Elkins shrugs. "Given how Crouch behaves *after* the QWC," she
says. "It seems to me that he probably absolutely *relied* on Winky
to 'talk him into' doing things like that. Just like he relied on
his wife to 'talk him into' doing things like saving his son from
prison. That was part of what he depended on them for, surely? To
absolve him of responsibility for his own behavior? Really, saving
Crouch Jr. from prison and taking him to the QWC both pale in
comparison to what Crouch does after the QWC. *Who* was in denial
about just how dangerous Barty Jr. was? Neither Mrs. Crouch nor
Winky could possibly have known for sure just how strong or just how
dangerous that boy was. Crouch *did* know. And yet he did nothing.
Tell me something here," she demands. "What woman in Crouch's life
was responsible for his actions *after* the QWC?"
There is a short silence.
"Dear, dear, dear." Elkins sniggers. "Poor old Mr. Crouch. Finally
ran right *out* of wives, didn't he? No one left to blame. So sad."
"My God." Cindy stares at her. "You really do hate Crouch, don't
you?"
"Yes," spits Elkins. "I do."
"This is beginning to remind me of Cindy's claim that Crouch wasn't
truly repentent because his mission to warn Dumbledore had elements
of self-interest," complains Eileen. "It's just not fair, Elkins.
Crouch shouldn't have to resign himself to being murdered by Voldemort
to be considered repentent. And he shouldn't have to resign himself
either to life imprisonment or to filicide to be considered truly
concerned about the safety of the wizarding world."
"And besides," says Cindy. "You can't really tell us that it would
have made you like Crouch any better if he had been able to put his
helpless Imperio'd son down like a rabid dog, can you? I mean, even
leaving aside the fact that there would have been no *plot* if he'd
done that, it's...well, it's just not *like* you, Elkins! You *hate*
that sort of thing!"
Elkins blinks. She frowns.
"You're right, you know," she admits slowly. "I really do hate that
sort of thing. I don't like murder. I don't like cold-bloodedness.
I'm not a big fan of Toughness at all, really, or of callousness, or
even of ruthless pragmatism. So ordinarily, yes, I suppose that I
would find it rather sympathetic for someone to refuse either to hand
his helpless captive over to be psychologically tortured to death in
a hellish prison or to kill him in cold blood. But when that someone
is Barty Crouch?"
Elkins' hobby horse lays back its ears and whinnies dangerously.

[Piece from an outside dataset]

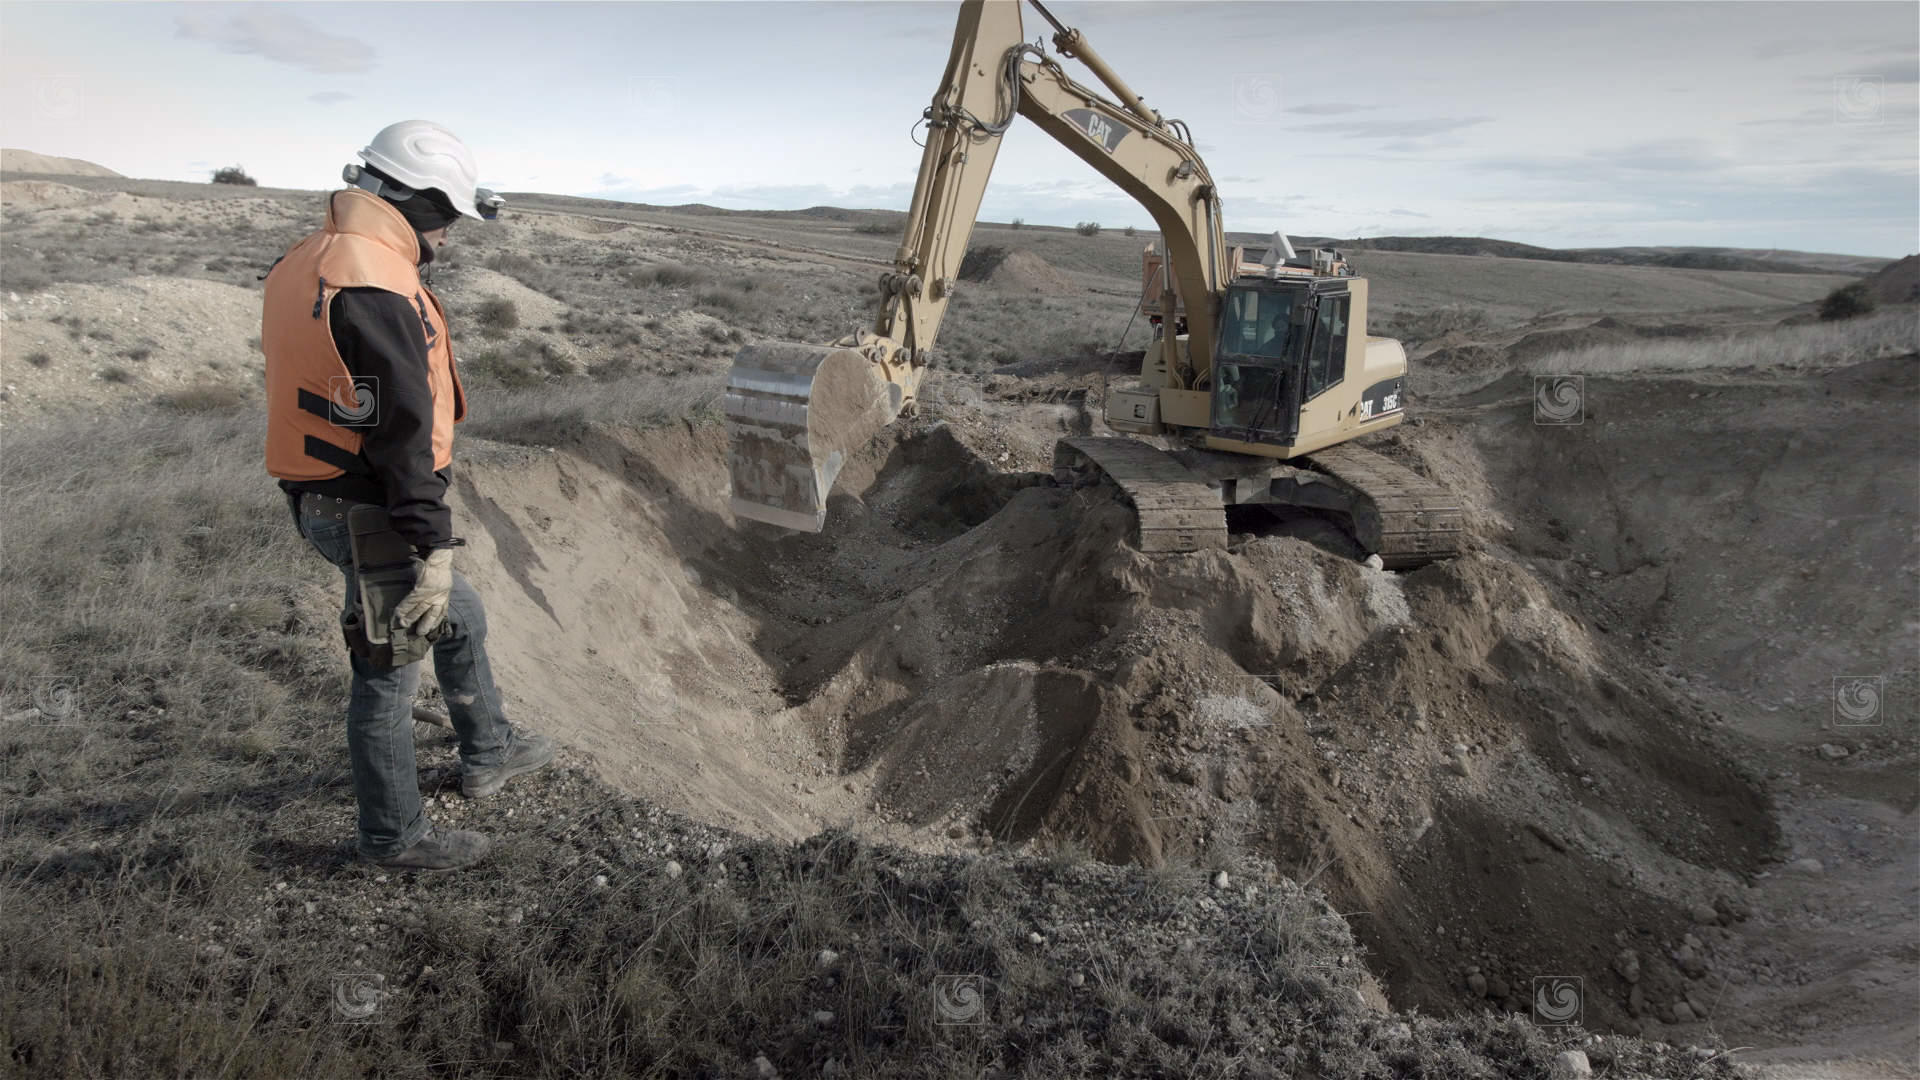 Fotograma mostrando trabajos de excavación en tareas de descontaminación de suelos con explosivos
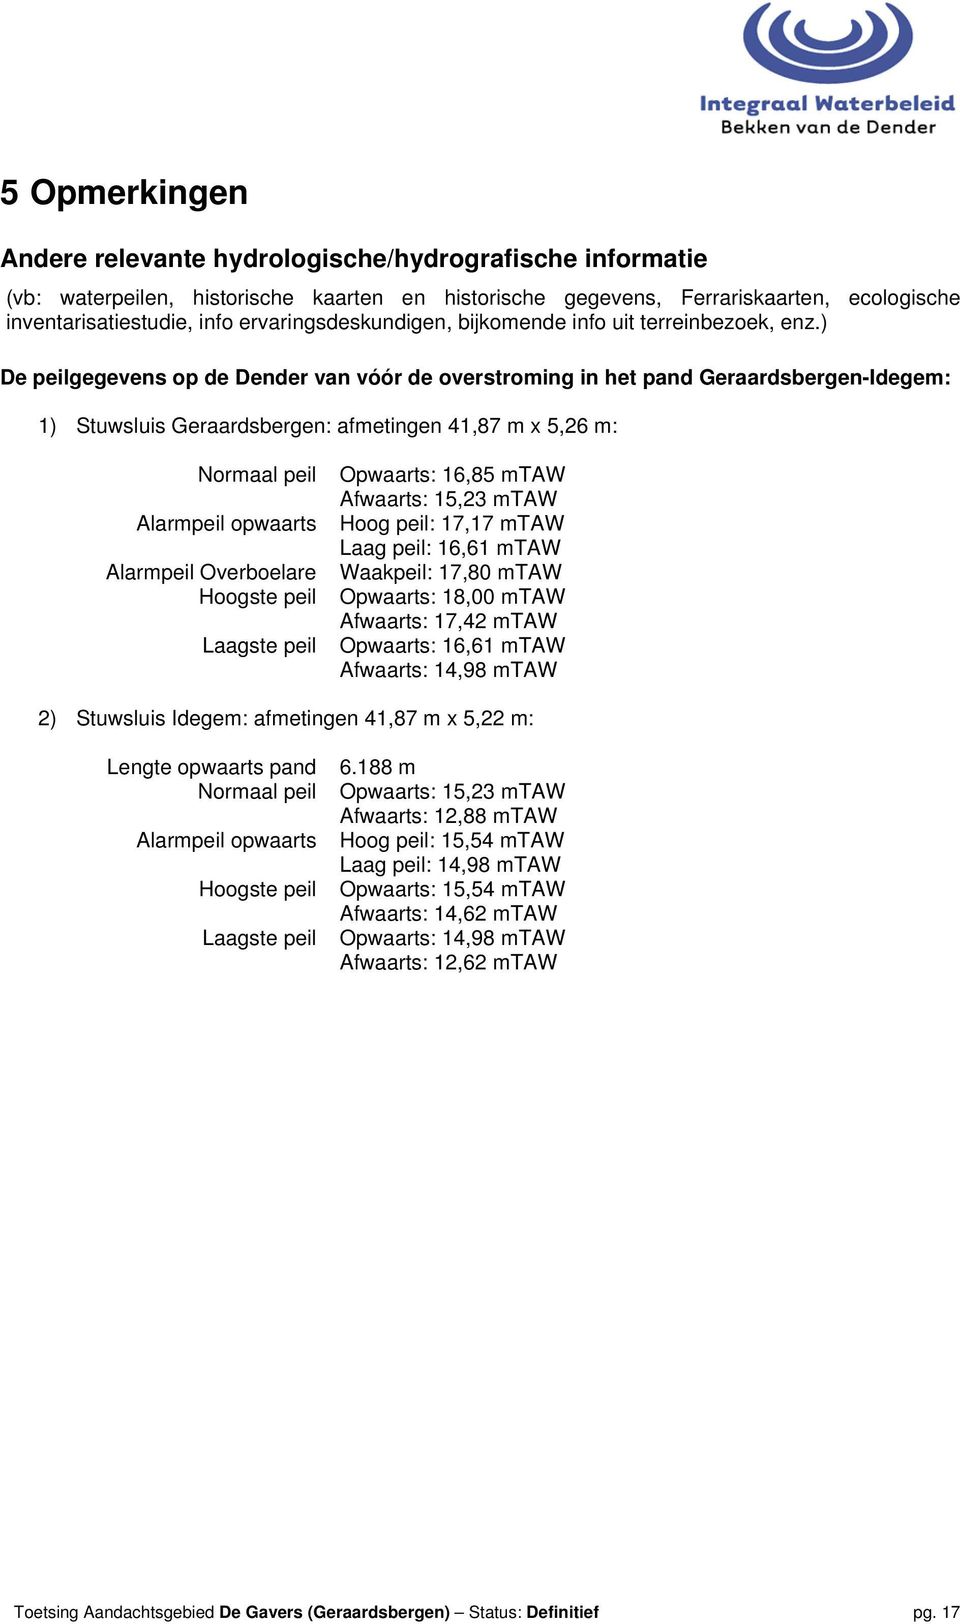 ) De peilgegevens op de Dender van vóór de overstroming in het pand Geraardsbergen-Idegem: 1) Stuwsluis Geraardsbergen: afmetingen 41,87 m x 5,26 m: Normaal peil Alarmpeil opwaarts Alarmpeil

"When it is *Crouch?*" Elkins repeats. "When that someone is
CROUCH? Crouch, who authorized his Aurors to use torture on
suspects? Crouch, who allowed them to AK people instead of even
bothering to *arrest* them? Crouch, who permitted his Aurors to
coerce, torment and kill on the basis of nothing more than the merest
*suspicion* of malfeasance? On their merest *whim?*"
"Okay, okay," laughs Cindy. "Calm down."
"When that someone is *Crouch?*" Elkins repeats, her voice now rising
uncontrollably. "Crouch who sent people to prison for life on the
basis of no evidence? Sometimes without even benefit of a trial?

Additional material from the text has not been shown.